▶ [WHAT THIS TASK INVOLVES] Copy out every line of the data exactly; do not include the images.

▶ [DATA SECTION]
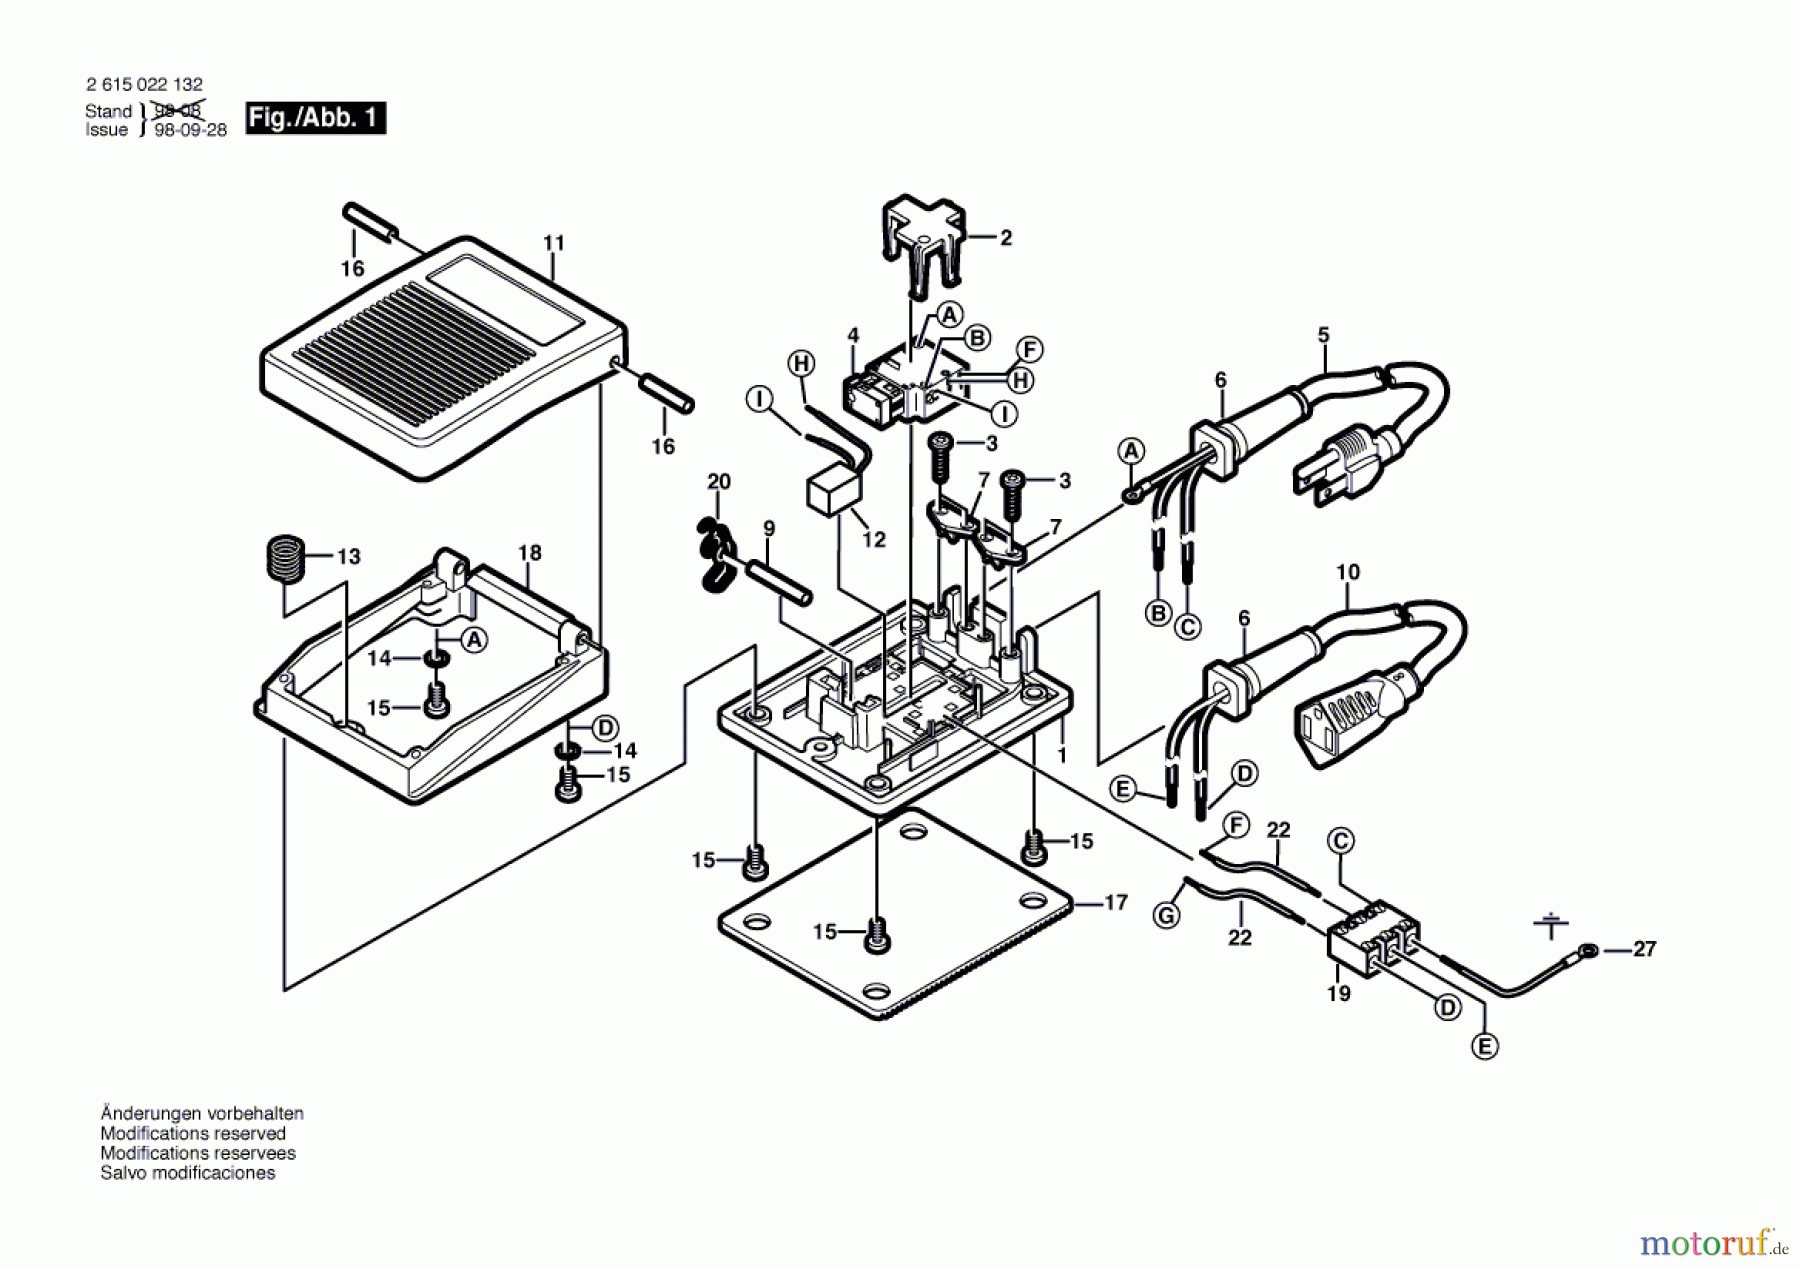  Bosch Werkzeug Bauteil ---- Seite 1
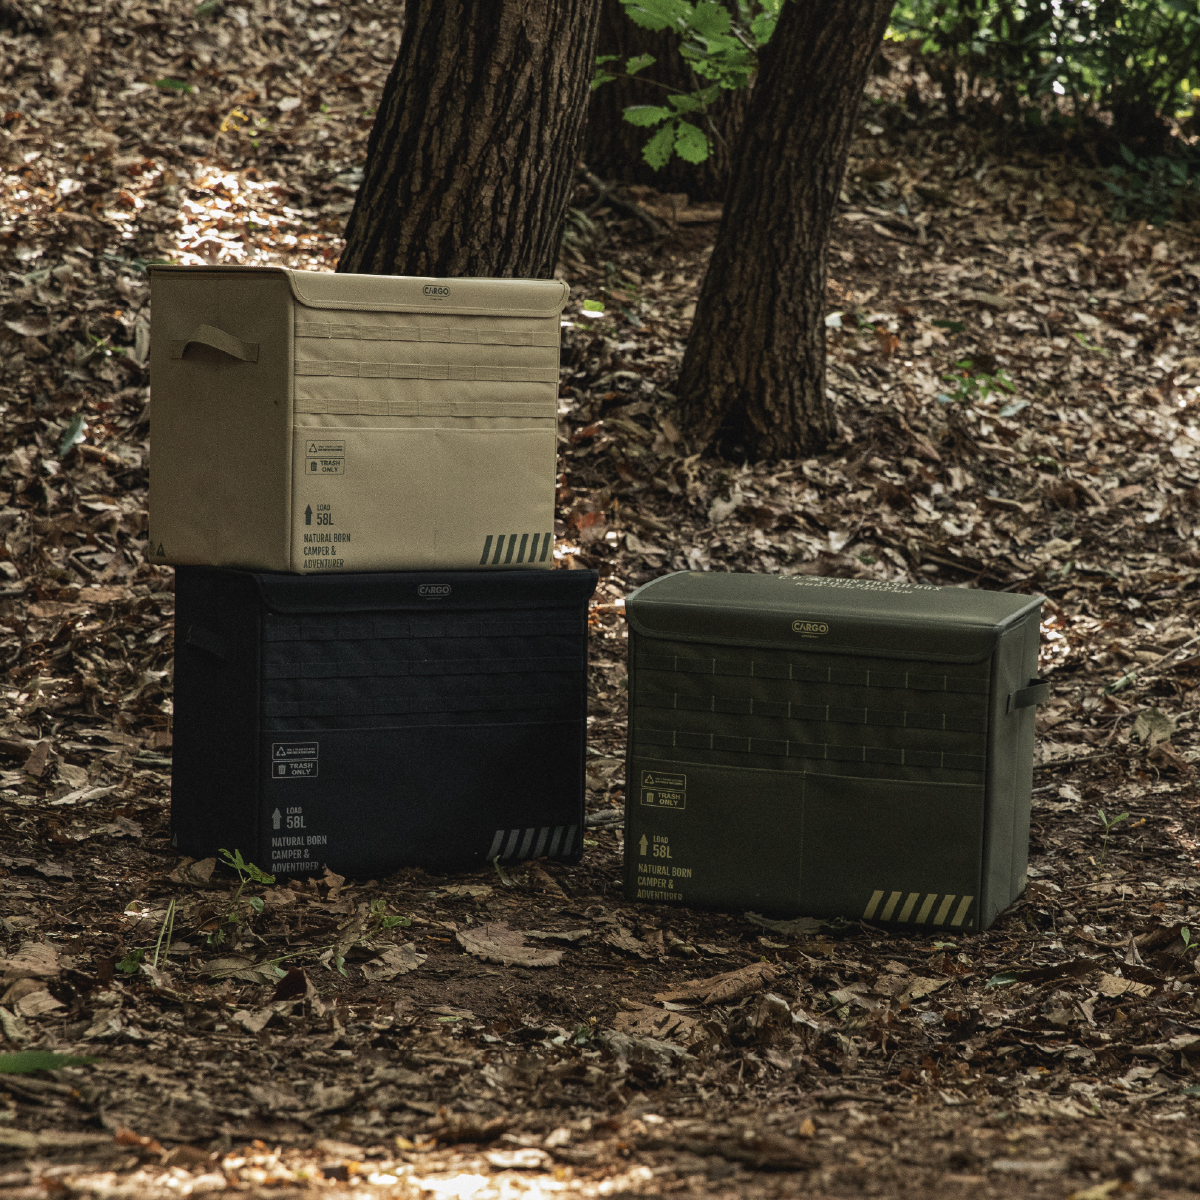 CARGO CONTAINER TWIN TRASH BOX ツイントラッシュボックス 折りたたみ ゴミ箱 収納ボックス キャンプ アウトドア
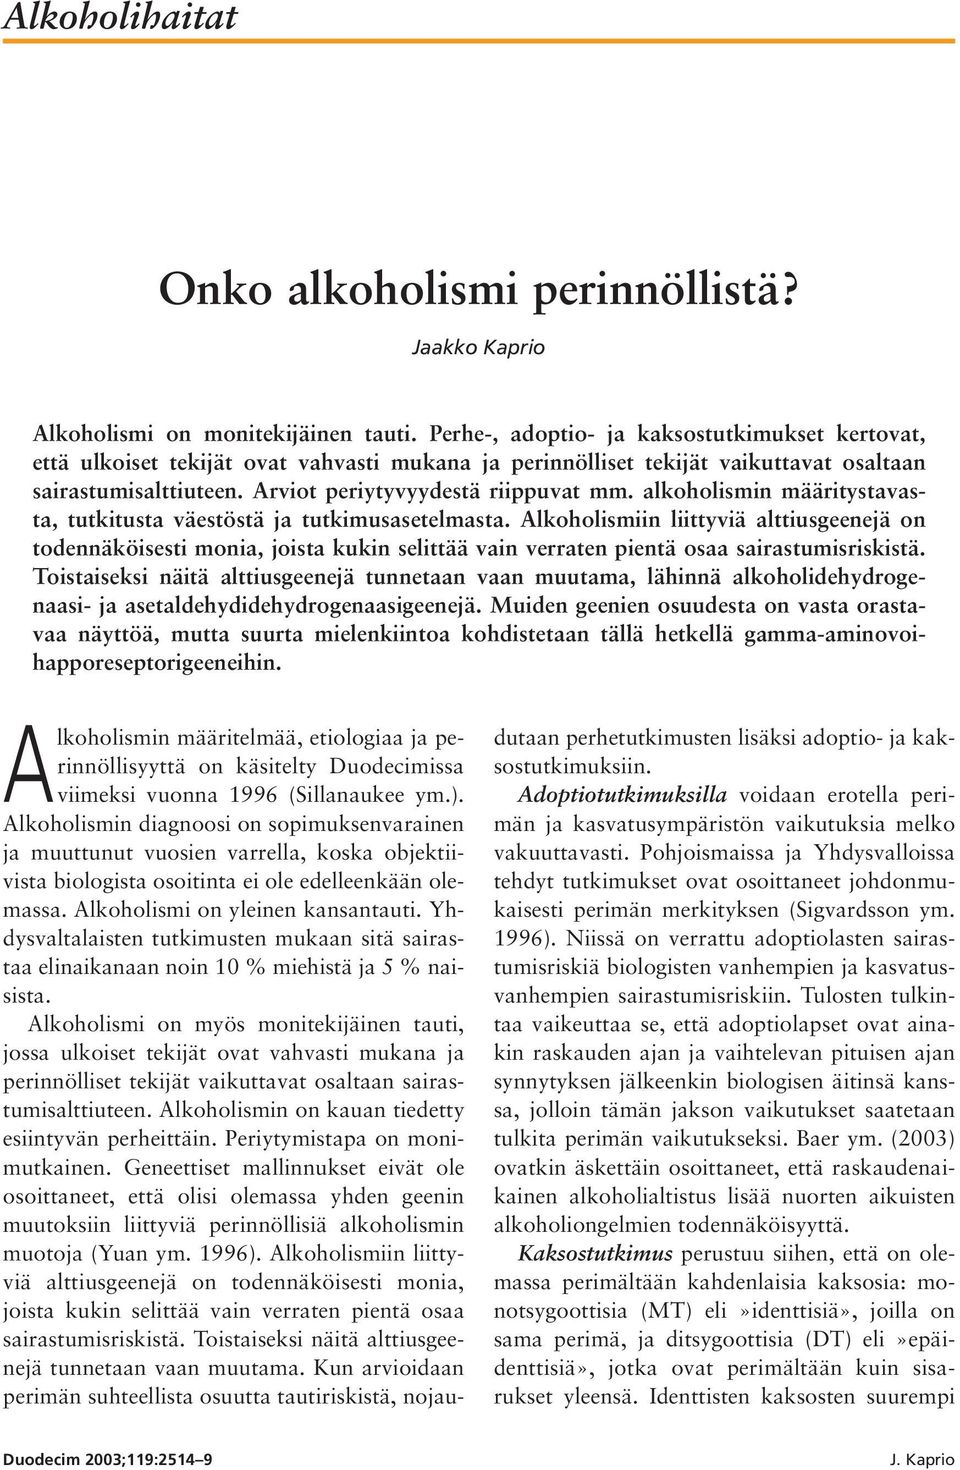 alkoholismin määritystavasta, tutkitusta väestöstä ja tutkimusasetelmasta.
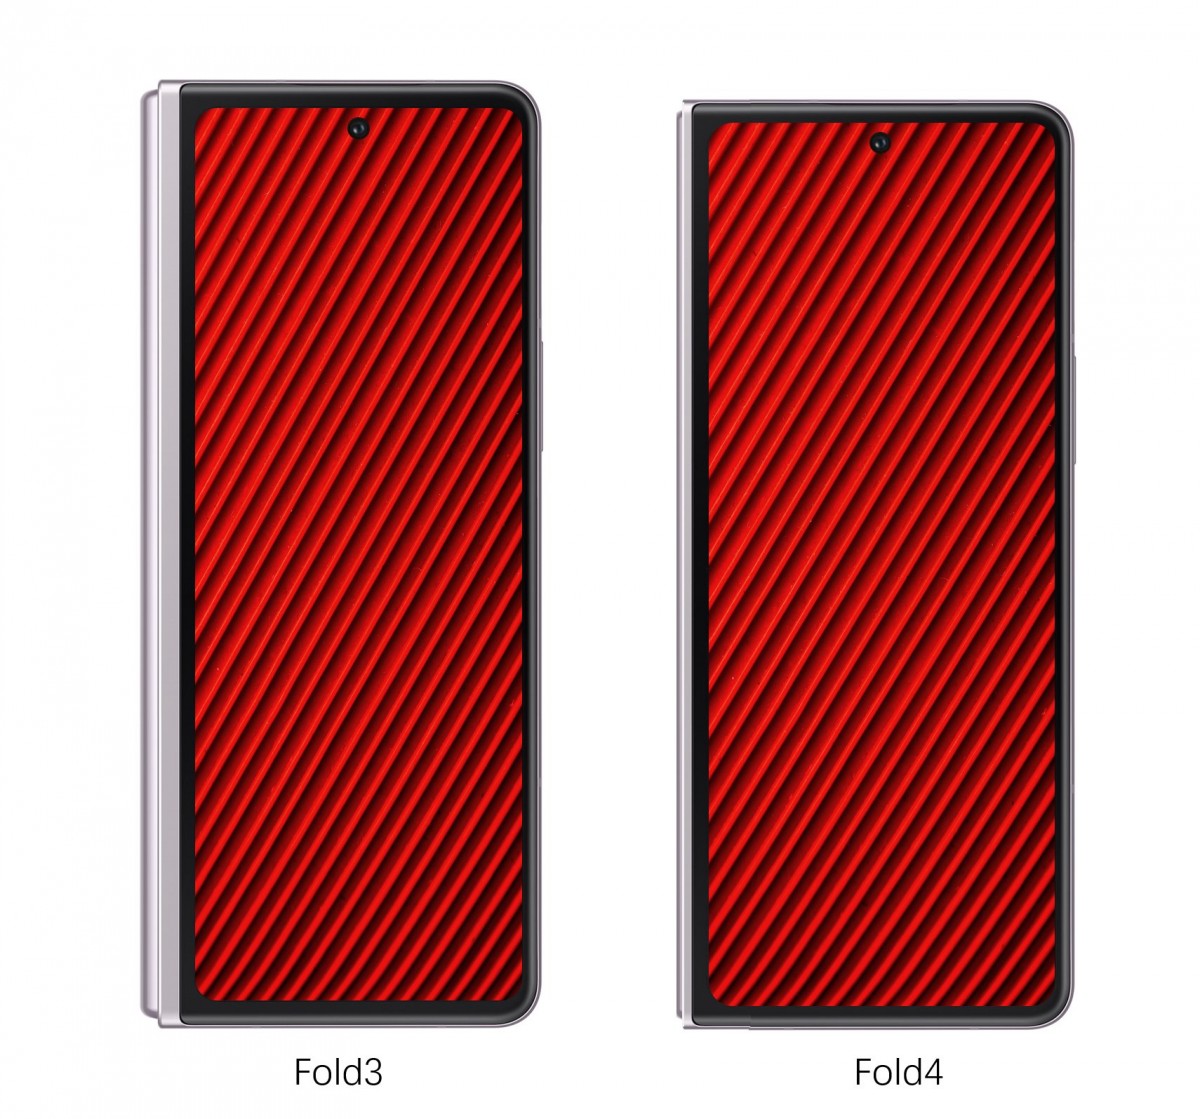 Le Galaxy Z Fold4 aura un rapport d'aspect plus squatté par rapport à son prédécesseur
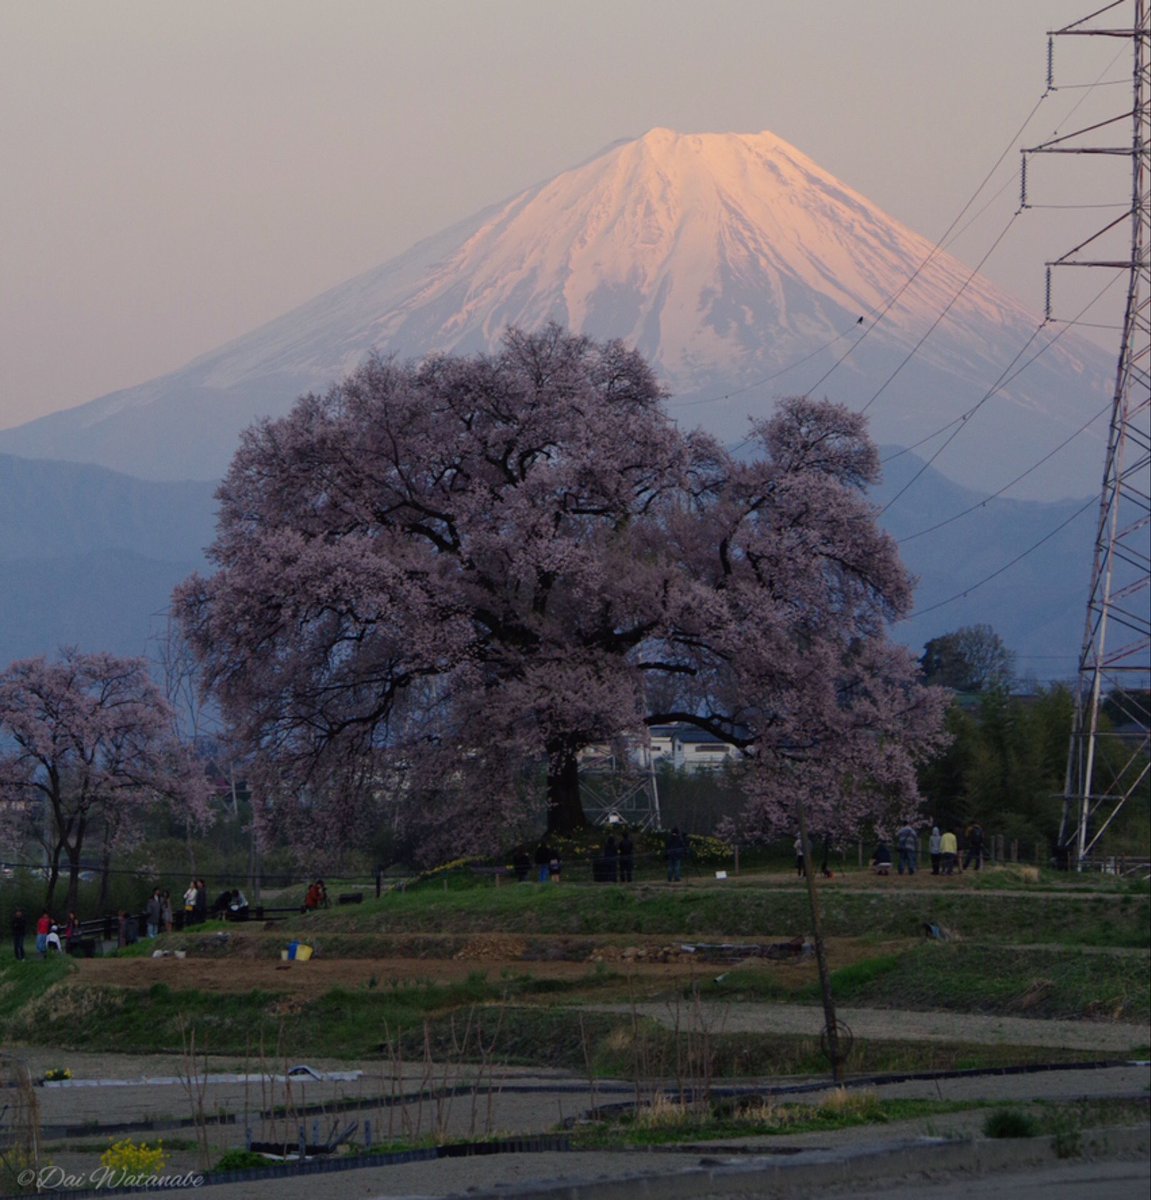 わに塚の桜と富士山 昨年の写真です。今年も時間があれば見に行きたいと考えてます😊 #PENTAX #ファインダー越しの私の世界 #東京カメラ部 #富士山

▶ [SOLVED PROBLEM]
  Bosch Werkzeug Bauteil ---- Seite 1
 CARGO CONTAINER TWIN TRASH BOX ツイントラッシュボックス 折りたたみ ゴミ箱 収納ボックス キャンプ アウトドア
 alkoholismin määritystavasta, tutkitusta väestöstä ja tutkimusasetelmasta.
 Le Galaxy Z Fold4 aura un rapport d'aspect plus squatté par rapport à son prédécesseur
 わに塚の桜と富士山 昨年の写真です。今年も時間があれば見に行きたいと考えてます😊 #PENTAX #ファインダー越しの私の世界 #東京カメラ部 #富士山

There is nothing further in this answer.